- Task item -
Retyped exactly and without pictures, the lines from the one with "Las mejores partidas" through the end of the listing must form the entire answer.

- Provided data -
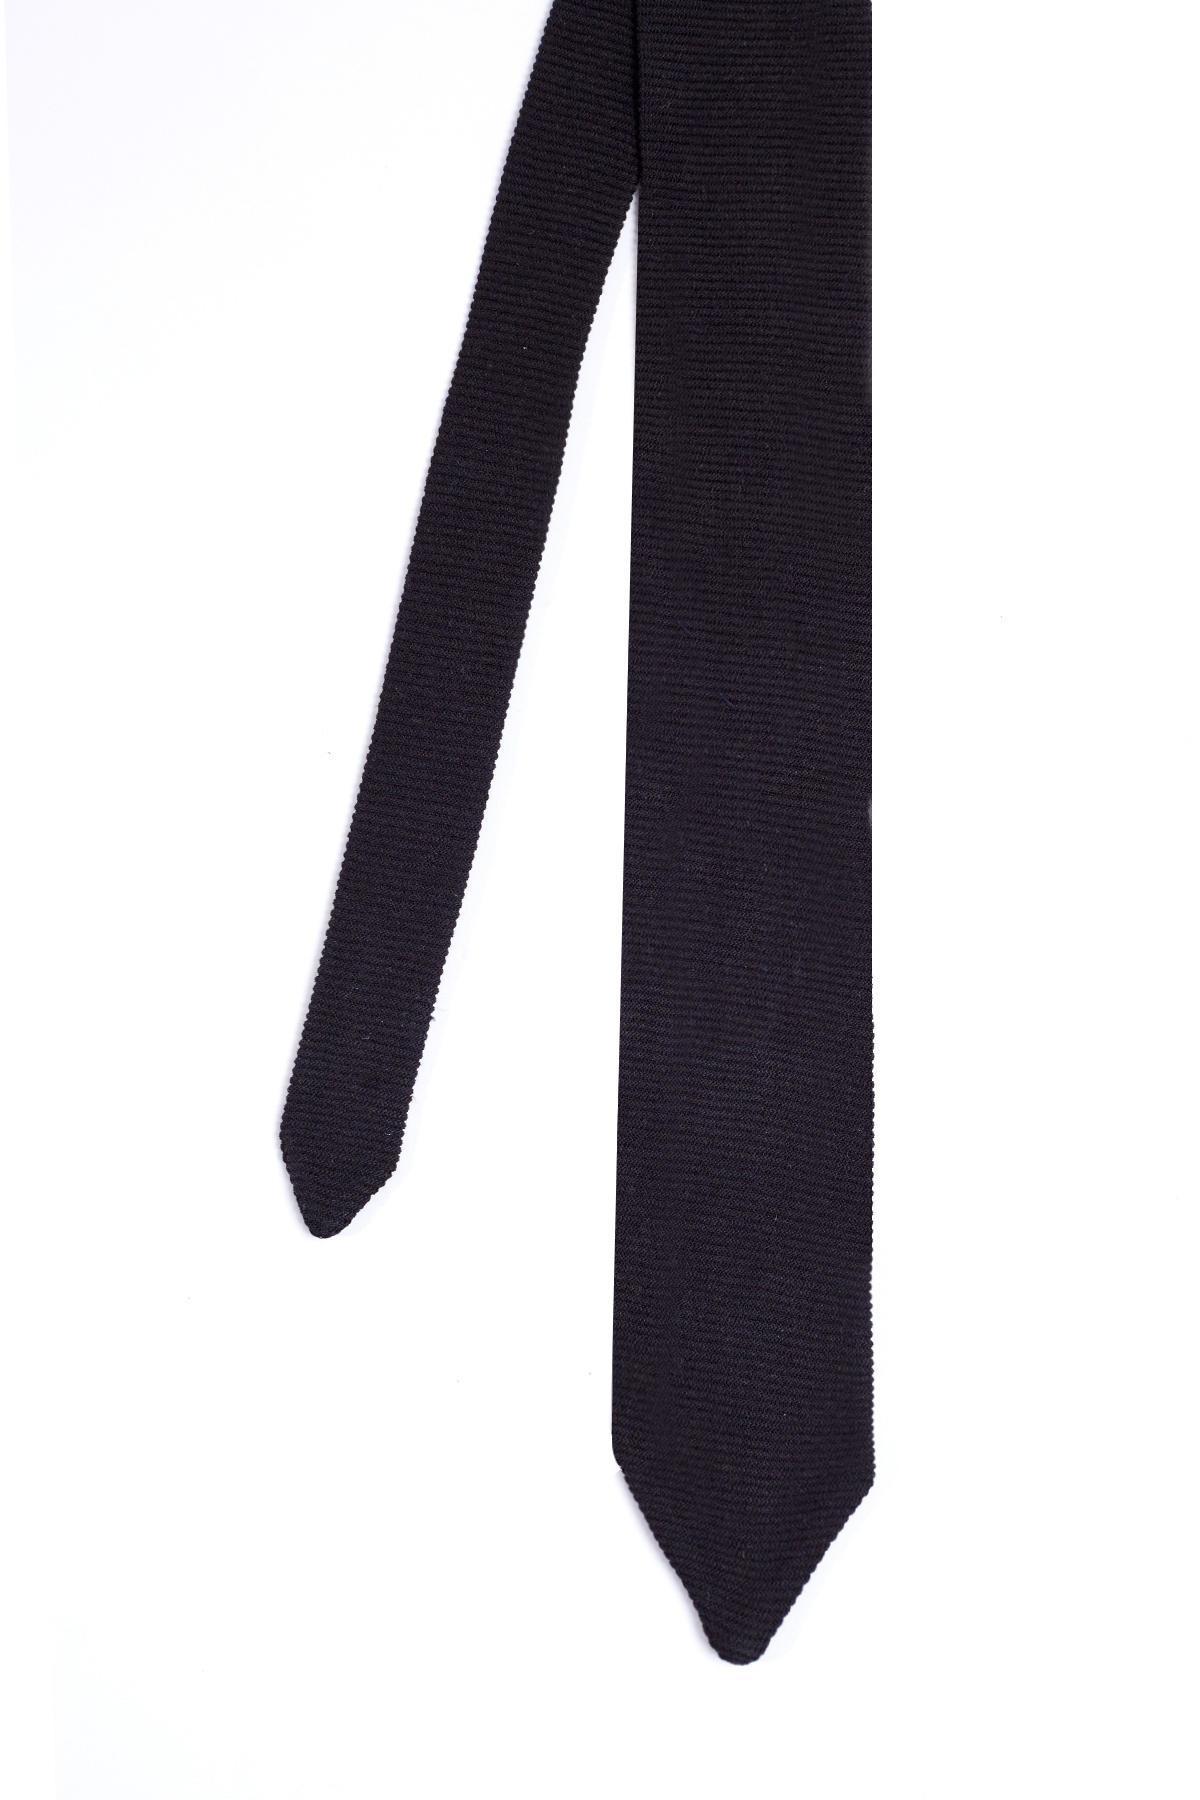 İpek Örgü Siyah Kravat
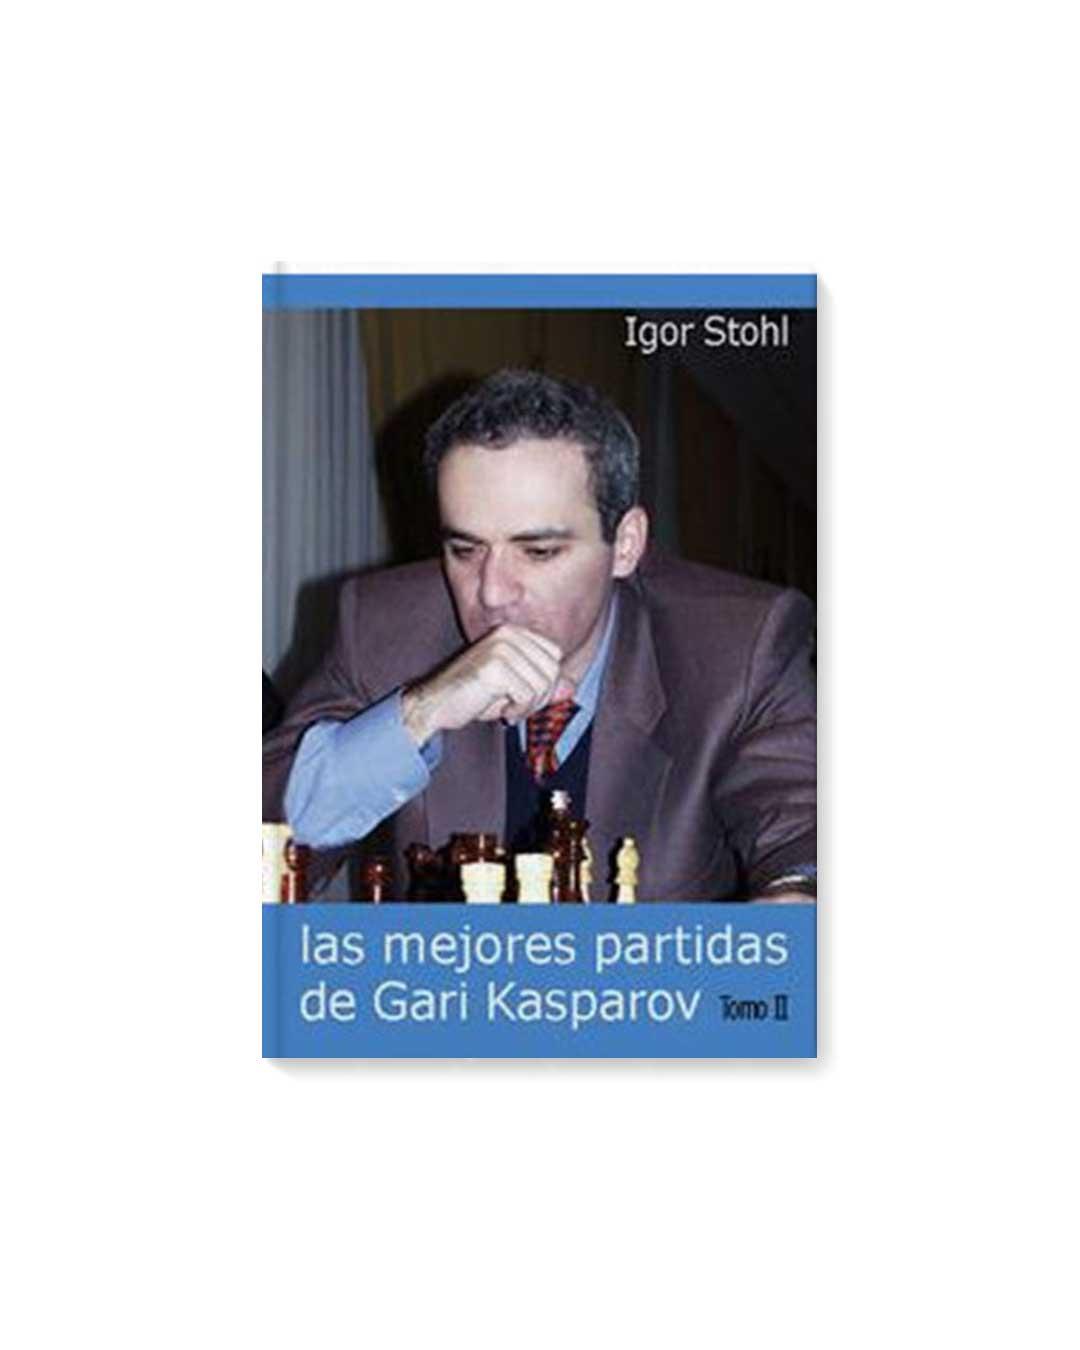 Las mejores partidas de Gary Kasparov tomo 2 - Stohl
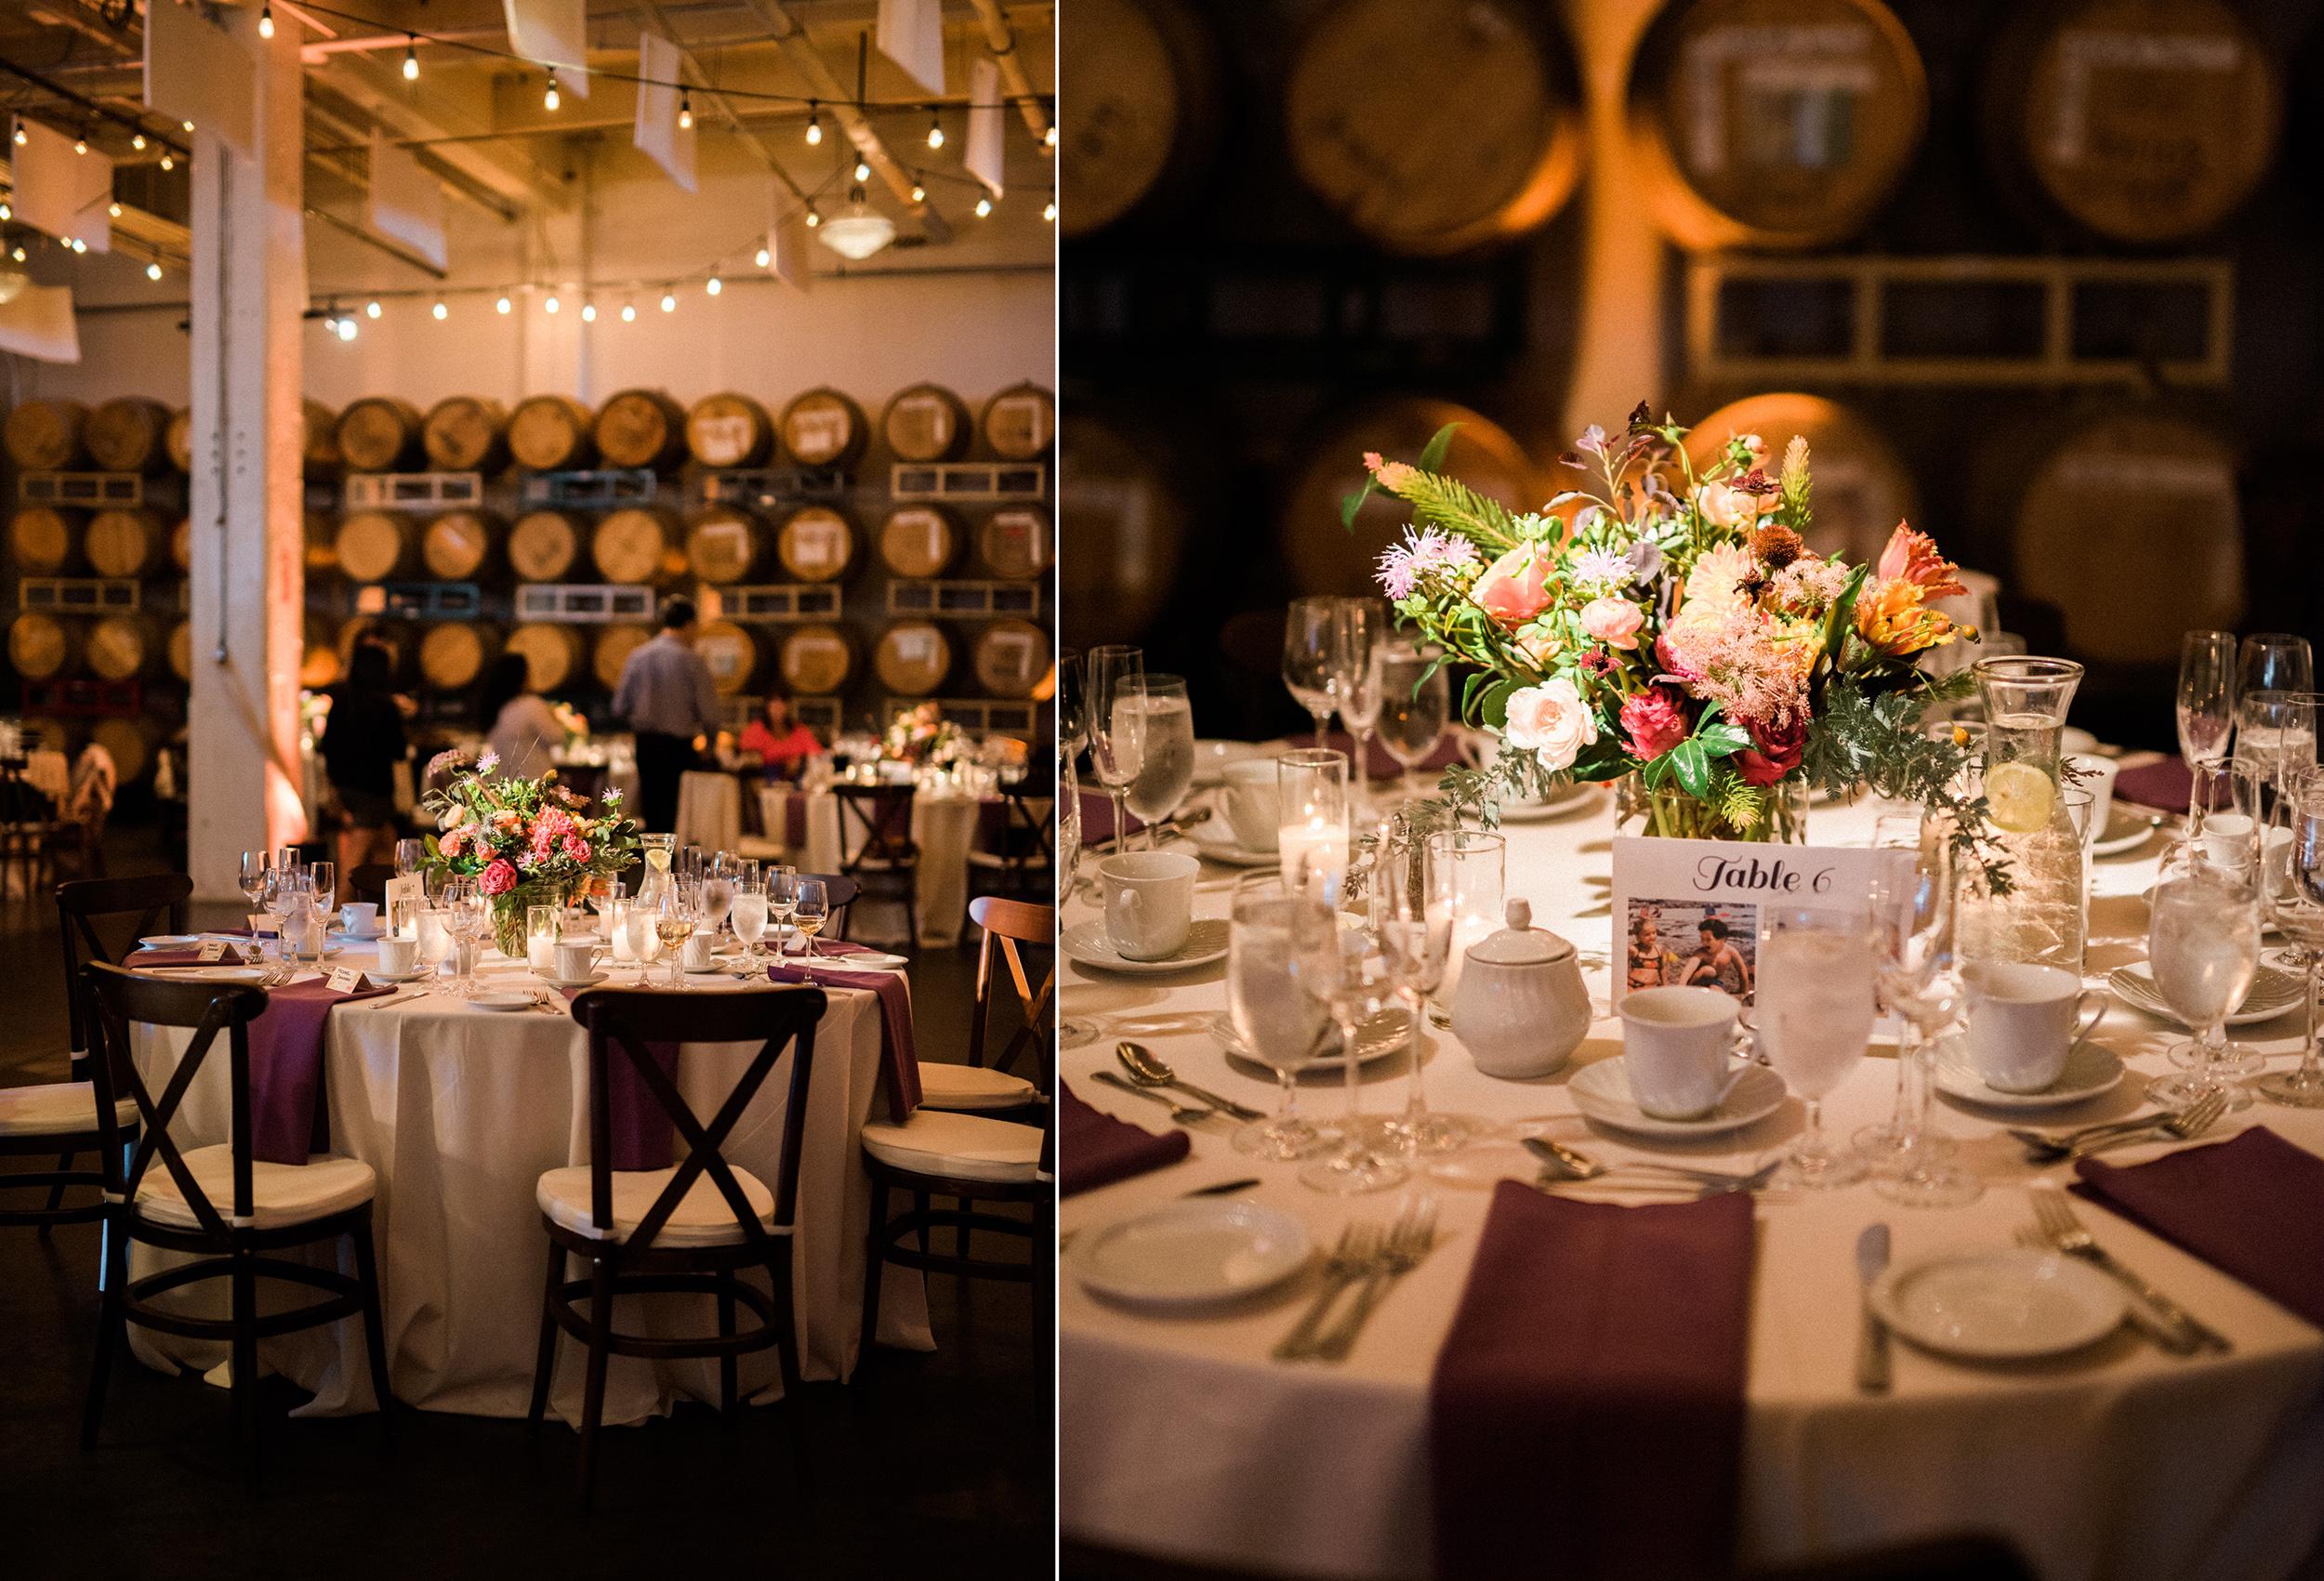 Swedenborgian Church Dogpatch Winery Wedding049.jpg

- Response to this task -
 Las mejores partidas de Gary Kasparov tomo 2 - Stohl
 Swedenborgian Church Dogpatch Winery Wedding049.jpg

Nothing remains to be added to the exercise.